First, they have to distinguish between the signals given by financial and economic indicators, and weigh the impact of any measures they consider on anemic economic recoveries. The yields in Europe on sovereign debt for borrowers such as Spain, Portugal and Ireland are at their lowest levels since before the crisis. Foreign investors are scooping up properties in Spain, where housing prices have fallen by over 30% since their 2007 highs. But economic growth in the Eurozone for the first quarter was 0.2% and in the European Union 0.3%. Stock prices in the U.S. reached record levels while Federal Reserve Chair Janet Yellen voiced concerns about a weak labor market and inflation below the Federal Reserve’s 2% target. When asked about the stock market, Yellen admitted that investors may be taking on extra risk because of low interest rates, but said that equity market valuations were within their “historical norms.” Meanwhile, Chinese officials seek to contain the impact of a deflating housing bubble on their financial system while minimizing any economic consequences.

Second, regulators need to consider the international dimensions of financial vulnerability. Capital flows can increase financial fragility, and the rapid transmission of financial volatility across borders has been recognized since the 1990s. Graciela L. Kaminsky, Carmen M. Reinhart and Carlos A. Végh analyzed the factors that led to what they called “fast and furious” contagion. Such contagion occurred, they found, when there had been previous surges of capital inflows and when the crisis was unanticipated. The presence of common creditors, such as international banks, was a third factor.

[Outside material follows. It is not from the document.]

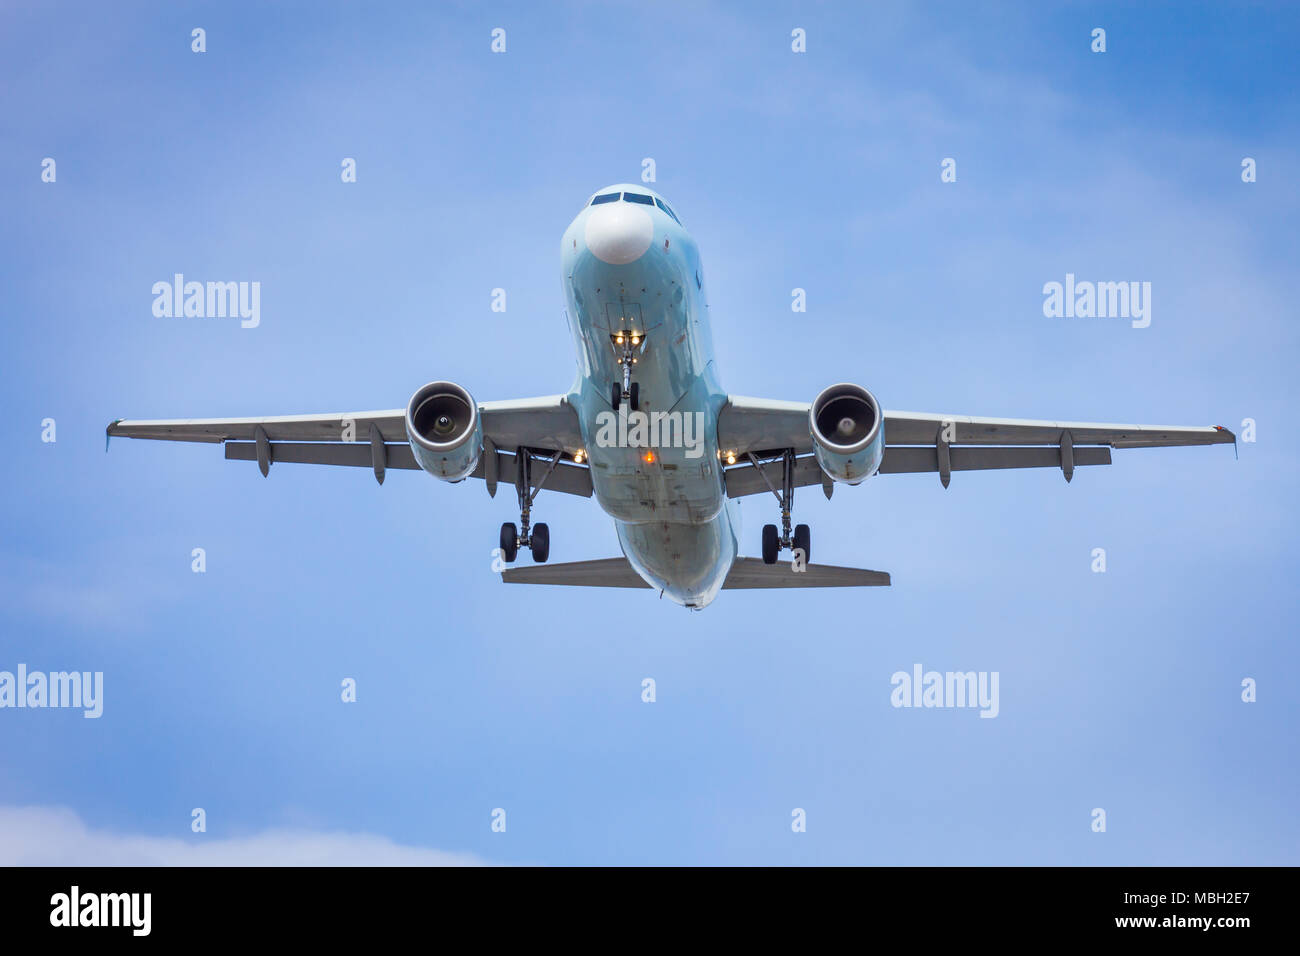 Plane about to land with a blue sky Stock Photo

U.S. banks had been involved in Latin America before the debt crisis of the 1980s, while European and Japanese banks had lent to Asia in the 1990s before the East Asian crisis.

The global financial crisis revealed that financial integration across borders exacerbated the downturn.  The rise of international financial networks that transmit risk across frontiers was the subject of a recent IMF conference. Joseph Stiglitz of Columbia University gave the opening talk on interconnectedness and financial stability, and claimed that banks can be not only too big to fail, and can also be “too interconnected, too central, and too correlated to fail.” But dealing with interconnected financial networks is difficult for policymakers whose authority ends at their national borders.

Finally, officials have to overcome the opposition of those who are profiting from the current environment. IMF Managing Director Christine Lagarde has attributed insufficient progress on banking reform to “fierce industry pushback” from that sector. Similarly, Bank of England head Mark Carney has told bankers that they must develop a sense of their responsibilities to society. Adam J. Levitin, in a Harvard Law Review essay that summarizes the contents of several recent books on the financial crisis, writes that “regulatory capture” by financial institutions has undercut financial regulation that was supposed to restrain them, and requires a political response. James Kwak has emphasized the role of ideology in slowing financial reform.

Markets for financial and other assets exhibit little sign of stress. The Chicago Board Options Exchange Volatility index (VIX), which measures expectations of U.S. stock price swings, fell to a 14-month low that matched pre-crisis levels. Such placidity, however, can mask the buildup of systemic stresses in financial systems. Regulators and other policy officials who seek to forestall another crisis by acting peremptorily will need to possess political courage as well as economic insight.

Too Much of a Good Thing?

Global banks do not have much to cheer about these days. Earnings are falling, and the banks are responding by cutting jobs. The Federal Deposit Insurance Corporation has charged 16 banks of colluding to rig the London Interbank Offer rate (LIBOR). And the Federal Reserve has approved a rule that requires foreign banks with $50 billion of assets in the U.S. to establish holding companies for their American units that meet the same capital adequacy standards as do their U.S. peers. The latter move has been interpreted as a sign of the fragmentation of global finance that will hinder the global allocation of credit.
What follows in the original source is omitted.